Caregiving and adjustment (Table 4; adjusted):
- Full sample: 3–5 caregiving days/week associated with lower GPA (β = -0.63, SE = 0.20, p<0.01). Other caregiving intensity variables not significantly associated with depression/anxiety.
- Elderly/ill caregivers: 3–5 days/week associated with lower GPA (β = -0.71, SE = 0.34, p<0.05). More hours/day associated with higher depression (β = 0.07, SE = 0.03, p<0.05) and higher anxiety (β = 0.07, SE = 0.03, p<0.01).
- Minor caregivers: Caregiving intensity not significantly associated with depression, anxiety, or GPA (all p>0.05).
Discussion
The study demonstrates that a measurable minority of university students provide caregiving, with distinct patterns by care recipient type. Caregivers are disproportionately graduate, part-time, and low-SES students; women are more likely to care for elderly/ill individuals. Caregiving for elderly/ill persons—particularly at moderate weekly frequency (3–5 days/week) and higher daily hours—is associated with lower academic performance and greater symptoms of depression and anxiety, even after accounting for demographic and enrollment differences. In contrast, caregiving for minors showed no significant associations with academic or emotional outcomes, suggesting differential strain by caregiving context and task demands. These findings address the study’s aims by establishing prevalence, identifying demographic disparities, and documenting specific academic and emotional risks tied to elderly/ill caregiving. The results underscore the need for universities to identify caregiving students (e.g., via routine surveys) and to design supports (flexible scheduling, academic accommodations, mental health services, financial aid considerations) to mitigate risk.

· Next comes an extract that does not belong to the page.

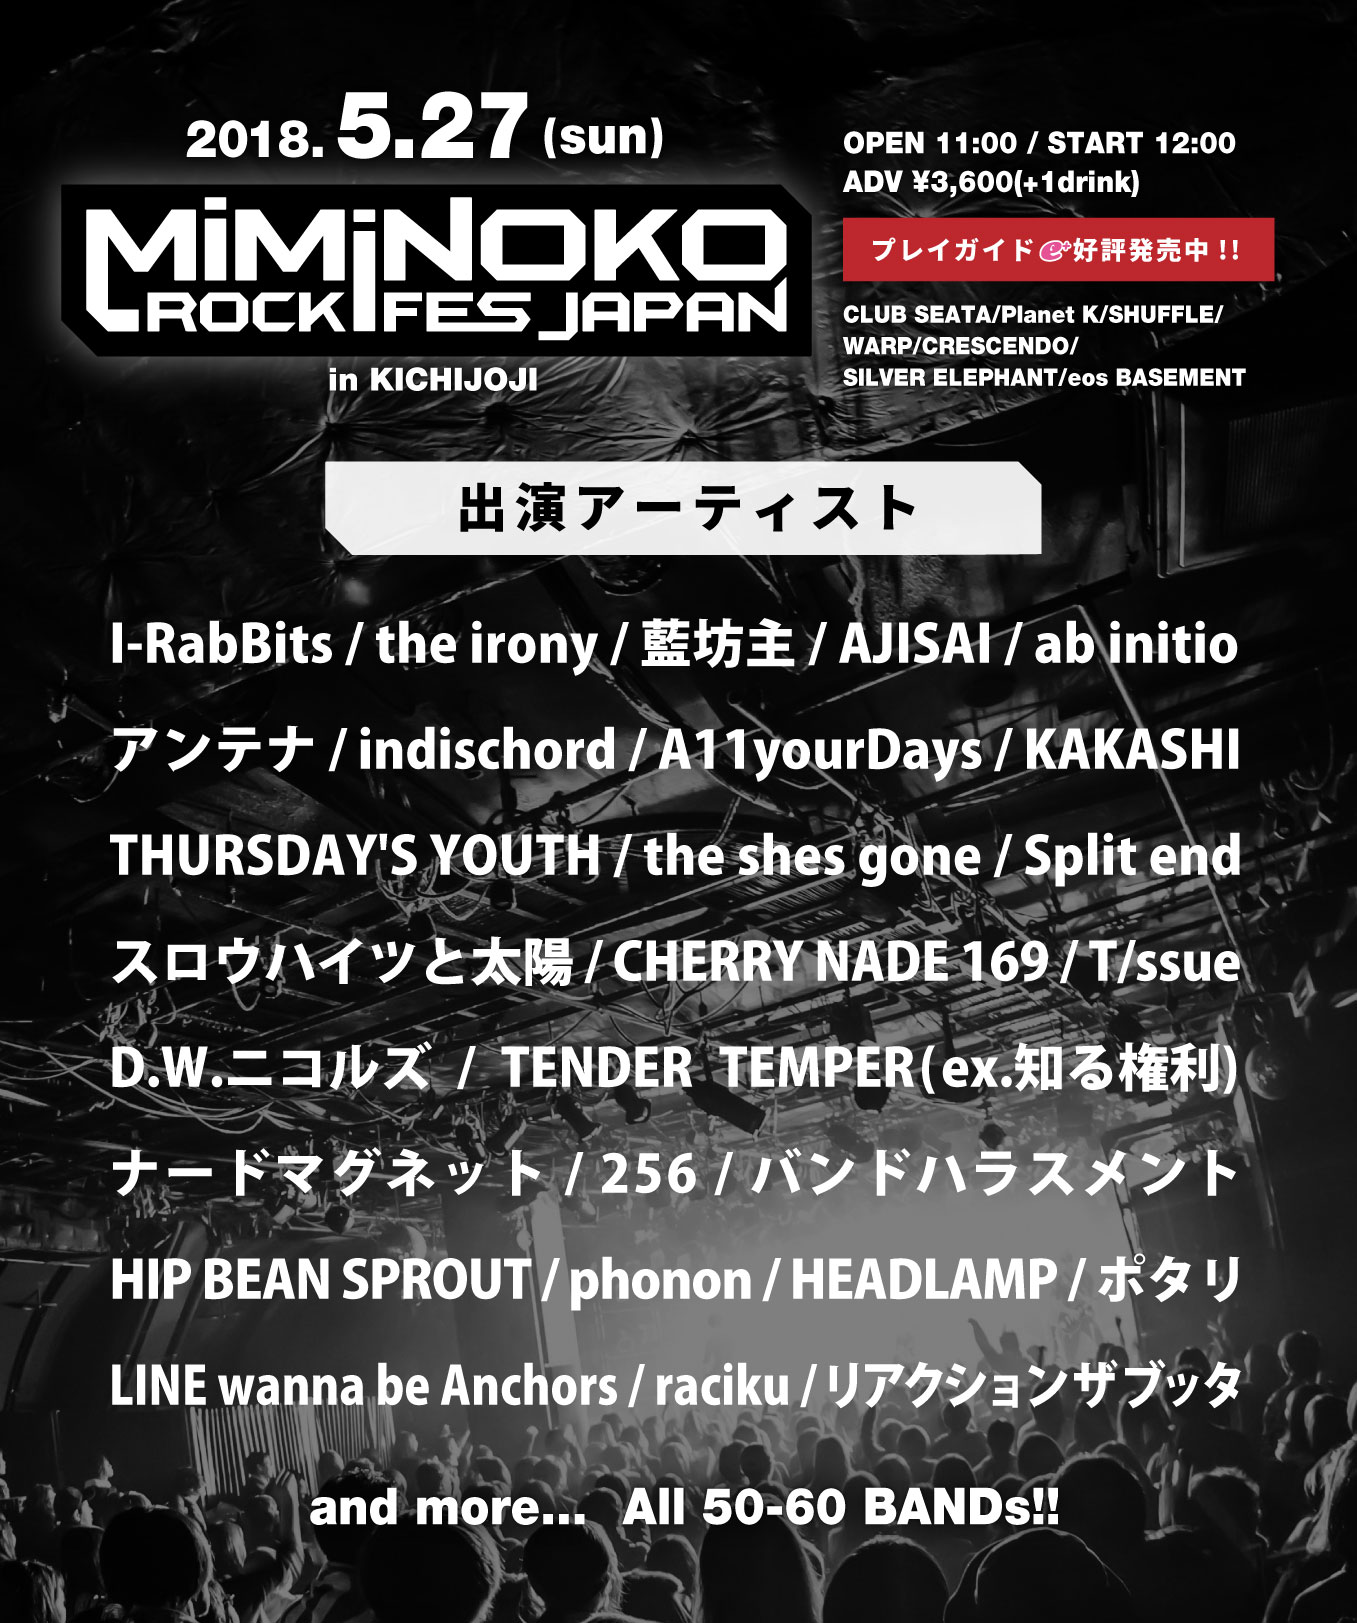 miminoko_kokuchi_一覧_0316_txt

Interpretation should consider the COVID-19 context, which may have elevated stress and possibly led to underreporting among caregivers, indicating the importance of follow-up research in post-pandemic conditions.
Conclusion
This study provides one of the first university-wide estimates of caregiving among US students, showing that approximately 6% provide care, with clear demographic disparities. Importantly, caregiving for elderly/ill individuals is linked to elevated emotional distress and lower GPA, identifying a subgroup at heightened academic and mental health risk. Key contributions include demonstrating the feasibility of identifying caregivers via campus surveys and clarifying how caregiving type and intensity relate to student outcomes. Future work should: conduct longitudinal and quasi-experimental studies to assess causal impacts; replicate in more diverse institutions and larger samples of minor caregivers; examine moderators (e.g., SES, resources, living arrangements); assess impacts on retention and time-to-degree; and extend research beyond university populations and across international contexts. Institutions should incorporate caregiving measures into student assessments and implement targeted supports to reduce disparities and promote academic success for caregiving students.
Limitations
The study is cross-sectional and correlational, limiting causal inference. GPA was missing for many first-year students, and the subgroup of minor caregivers with GPA data was small, reducing power to detect associations. Findings come from a single university and may not generalize to more diverse settings; additional racial/ethnic differences could emerge elsewhere. The timing during the COVID-19 pandemic may have influenced both caregiving demands and mental health, and time pressures may have led to underreporting. Future research should use longitudinal or quasi-experimental designs, larger and more diverse samples, test moderators, examine institutional outcomes such as attrition, and include non-university young adults and international/LMIC contexts.